Trump Administration Withholding $1.3 Billion From California as Golden State Drags Their Feet on Fraud
The announcement came from Vice President Vance as his efforts as Fraud Czar continue. Vance on Wednesday: We’re announcing that the federal government is deferring $1.3 billion in Medicaid reimbursements from the state of California. And the simple reason is because the state of California has not taken fraud very seriously…. Let me highlight the fact that this really is two separate victims: So, there are California taxpayers and American taxpayers who are being defrauded because California isn’t taking its program seriously, but also you have people who’ve been prescribed medications that they don’t even need. Sometimes they’ve had drugs put into their bodies that they don’t need because fraudsters have actually encouraged false prescriptions and false administration of medications (Rapid Response). John Sexton at Hot Air: The Trump administration, in the form of Vice President J.D. Vance and the Centers for Medicare & Medicaid Services (CMS), announced a crackdown on fraud today. Vance, who holds the unofficial title of fraud czar, announced that $1.3 billion in Medicaid funds would be withheld from California (Hot Air).

10.
Speaker Johnson Issues Warning on Left: ‘This is about moving away from a constitutional republic to a communist utopian ideology’

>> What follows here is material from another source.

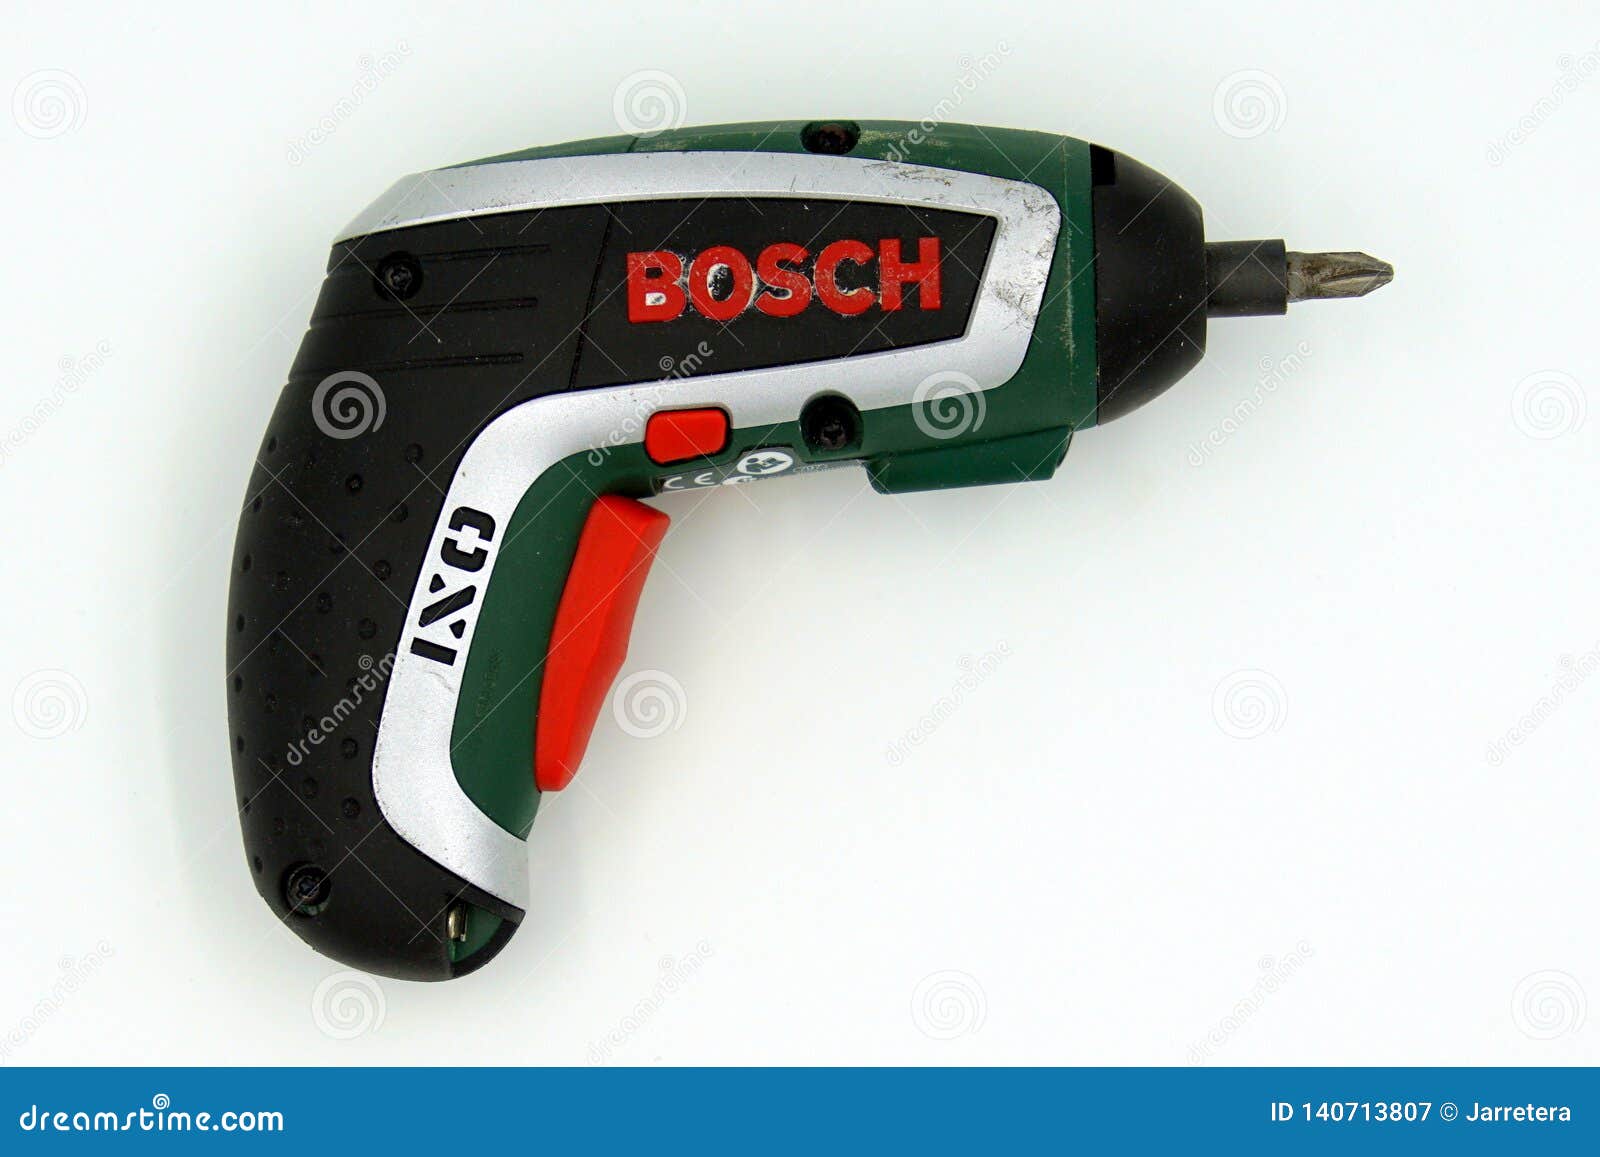 https://thumbs.dreamstime.com/z/bosch-ixo-electric-screwdriver-amsterdam-netherlands-march-used-against-white-background-140713807.jpg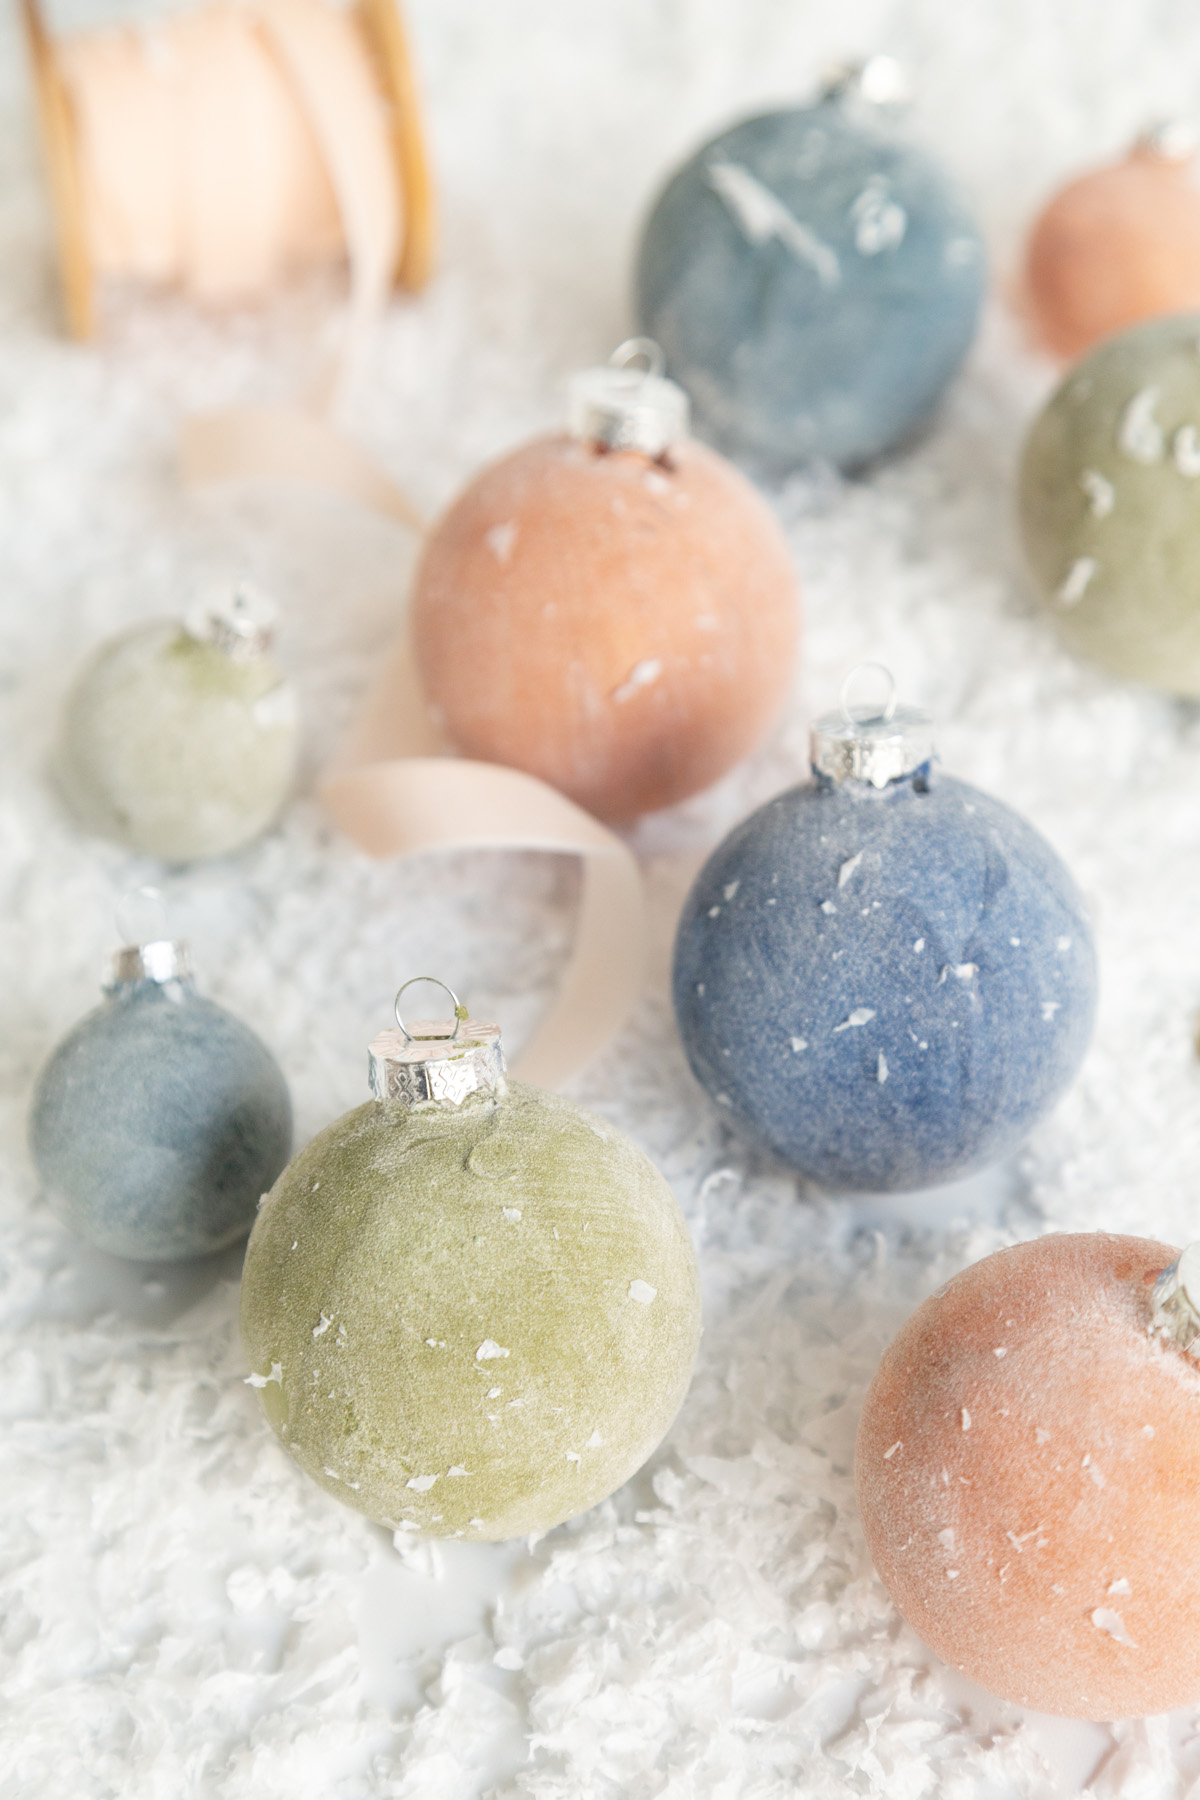 DIY Felt Ornaments with Flocking: Adding Luxe Texture to Your

This is what many readers have, no doubt, been feeling. What’s notable is that we have a leader willing to express these concerns clearly and succinctly. Speaker Johnson: The way I describe it in summary is that they’re little “mini Mamdanis” popping up all around the country, okay? And they’re openly avowed socialist Marxist ideology. This is something that we have never seen before in American history. The Tea Party reset in the Republican Party was about fiscal responsibility. This is about moving away from a constitutional republic to a communist, utopian ideology. And that’s a dangerous thing for the future of the country. The problem we have is the insurgent left, the far left has all the energy and excitement and the money in the Democratic Party. This is not our father’s Democratic party anymore. They’re going far, far left and no one’s there to stop it. And that’s a dangerous thing (Johnson).